Below is a listing. Return the lines from the one that contains "state-of-influencer-marketing_infographic-EN" to the one that contains "Painted Smile Artist T-Shirts (Black/Ivory)", both ends included, verbatim and with no pictures.

PROVIDED DATA.
┄┄┄┄┄┄┄┄┄┄

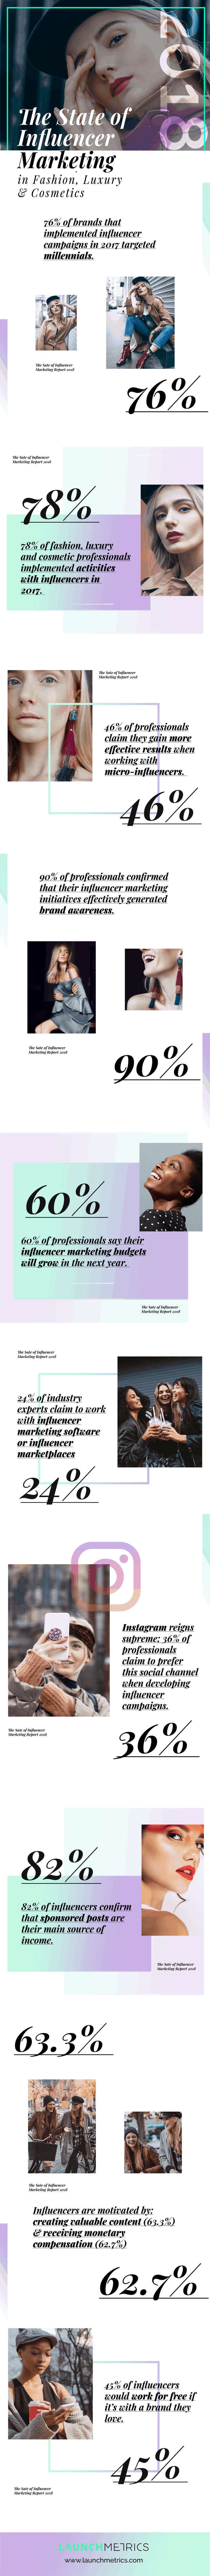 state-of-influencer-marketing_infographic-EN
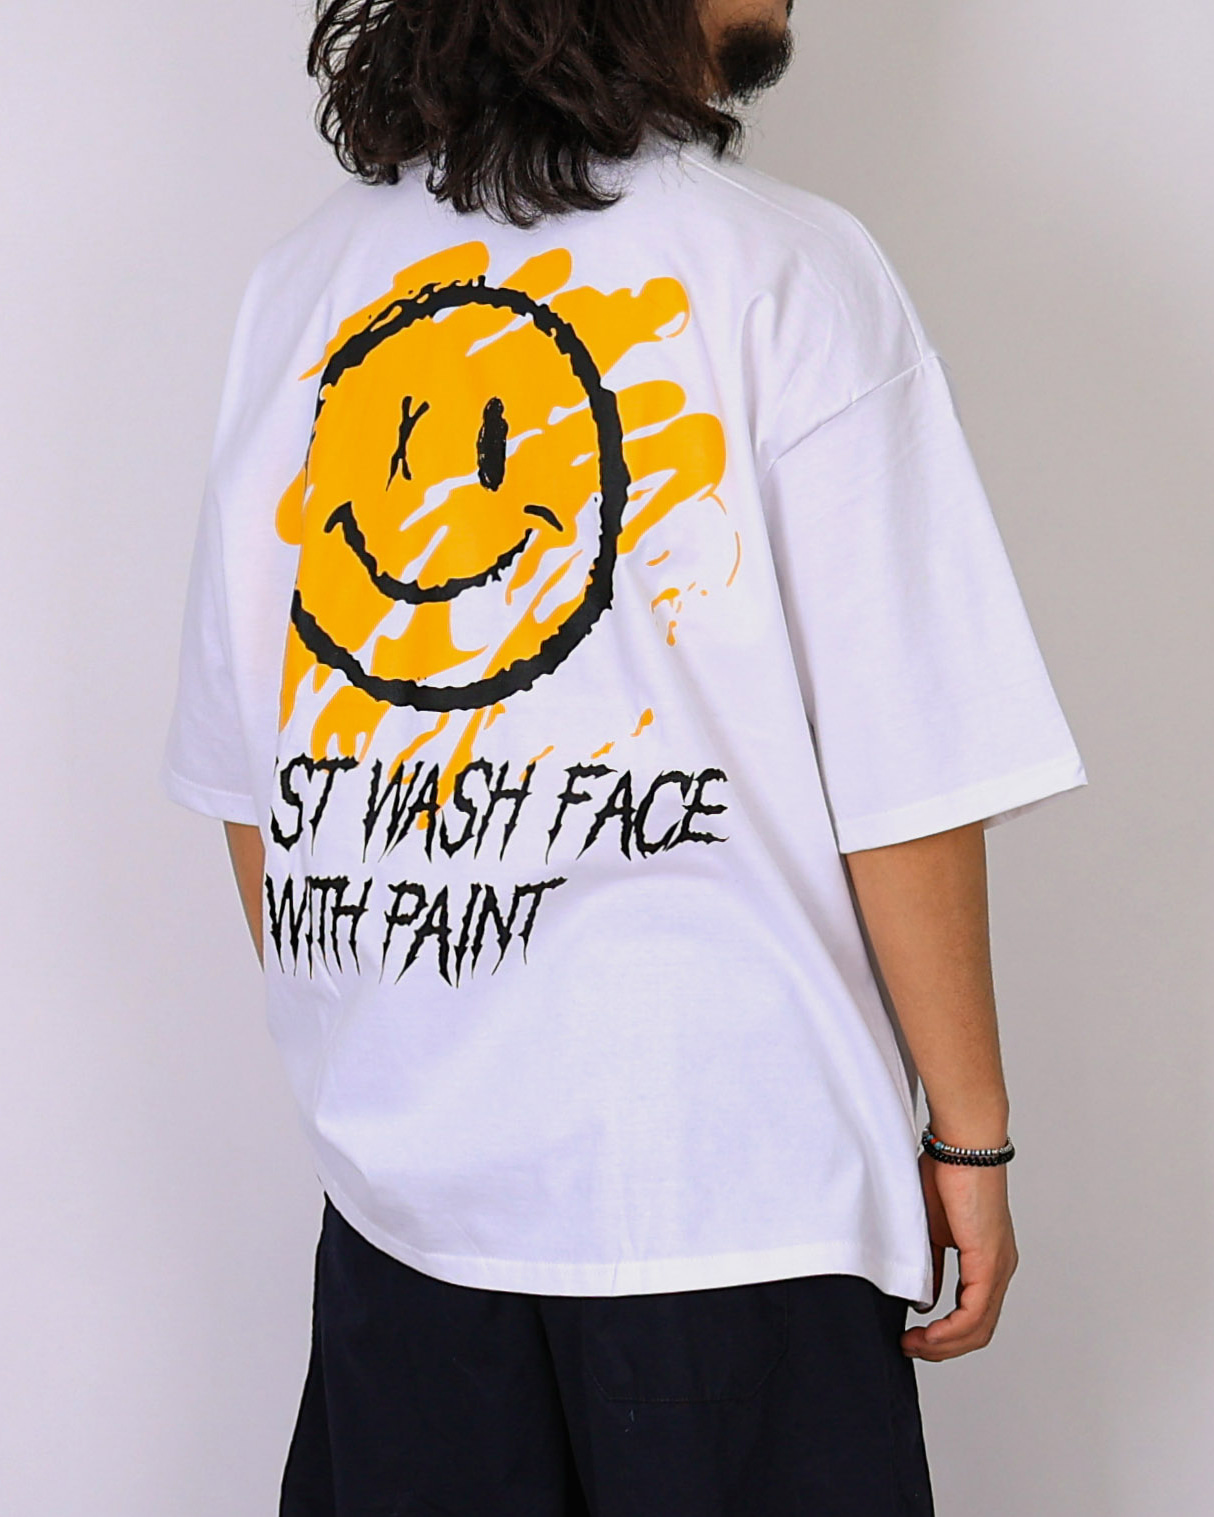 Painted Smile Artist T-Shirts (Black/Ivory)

┄┄┄┄┄┄┄┄┄┄

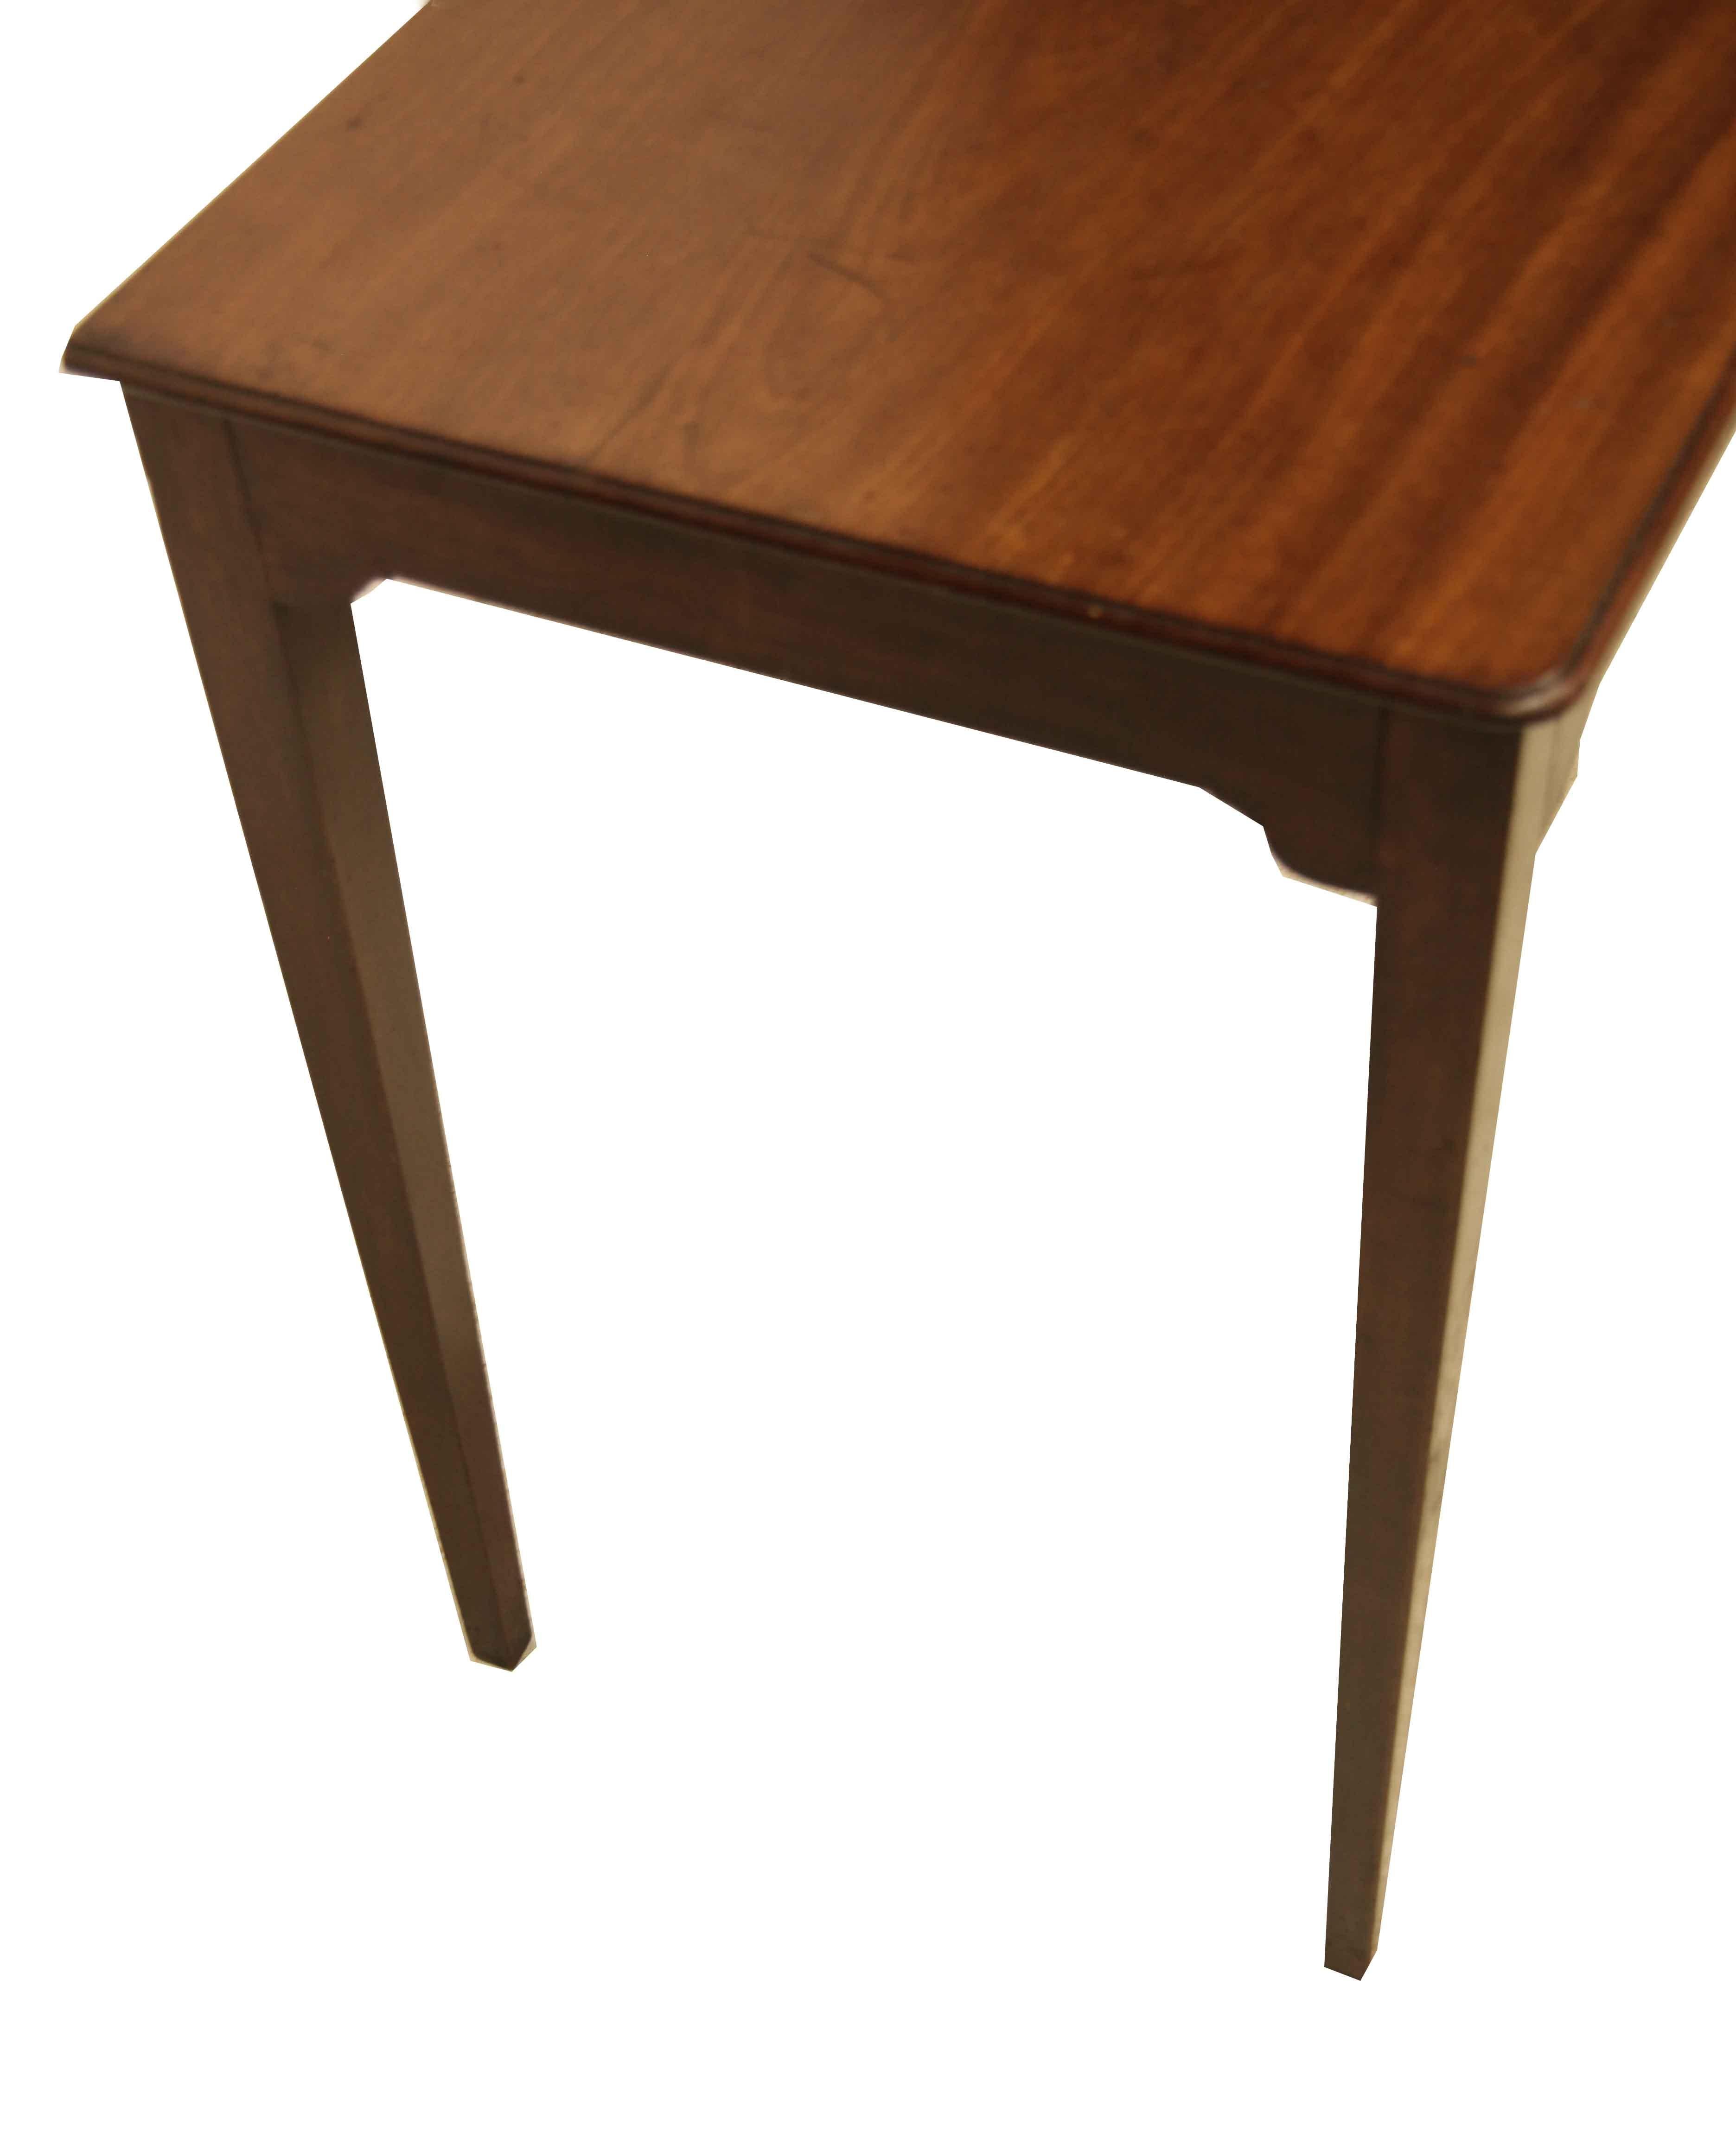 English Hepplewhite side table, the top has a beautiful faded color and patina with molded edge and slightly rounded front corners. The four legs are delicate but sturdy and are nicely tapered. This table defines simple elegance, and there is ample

┄┄┄┄┄┄┄┄┄┄

WORKED SOLUTION.
 state-of-influencer-marketing_infographic-EN
 Painted Smile Artist T-Shirts (Black/Ivory)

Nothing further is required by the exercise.